The required output is the exact run of lines below that opens at the line with "Dimensions: W 115 x D 115 x H 120 cm" and closes at the line with "These bubbles in".

(Data provided)
#####

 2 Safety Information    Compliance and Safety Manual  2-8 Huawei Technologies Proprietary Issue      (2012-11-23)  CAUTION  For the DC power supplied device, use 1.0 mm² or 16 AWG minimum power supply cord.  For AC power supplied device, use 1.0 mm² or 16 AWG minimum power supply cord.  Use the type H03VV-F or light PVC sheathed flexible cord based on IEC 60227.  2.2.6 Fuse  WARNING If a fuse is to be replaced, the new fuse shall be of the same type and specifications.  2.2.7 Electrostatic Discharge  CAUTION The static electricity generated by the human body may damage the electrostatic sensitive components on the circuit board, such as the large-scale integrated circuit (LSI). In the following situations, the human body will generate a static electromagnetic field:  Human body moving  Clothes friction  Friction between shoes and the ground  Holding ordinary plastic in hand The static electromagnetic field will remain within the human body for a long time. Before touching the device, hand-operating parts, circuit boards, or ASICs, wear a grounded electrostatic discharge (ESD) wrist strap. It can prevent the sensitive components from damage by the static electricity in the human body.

#####

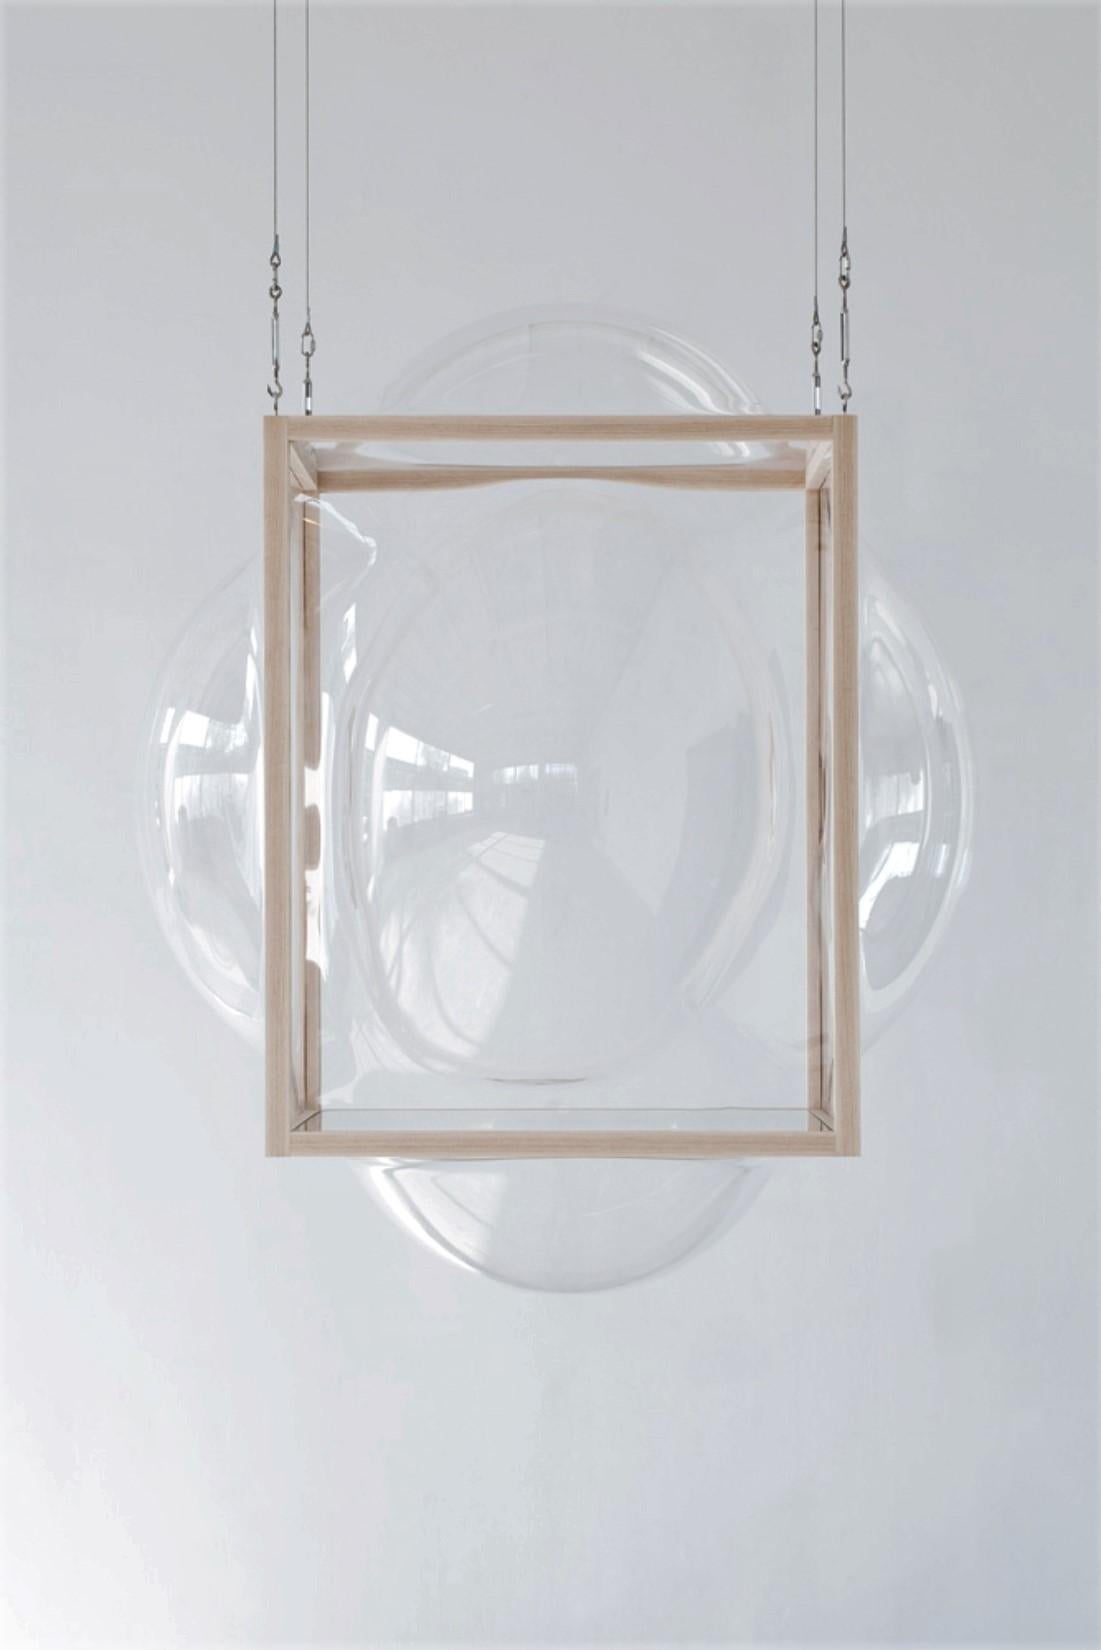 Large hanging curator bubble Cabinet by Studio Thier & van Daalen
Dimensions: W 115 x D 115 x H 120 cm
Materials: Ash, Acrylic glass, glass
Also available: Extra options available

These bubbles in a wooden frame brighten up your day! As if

#####

(Task result)
Dimensions: W 115 x D 115 x H 120 cm
Materials: Ash, Acrylic glass, glass
Also available: Extra options available

These bubbles in a wooden frame brighten up your day! As if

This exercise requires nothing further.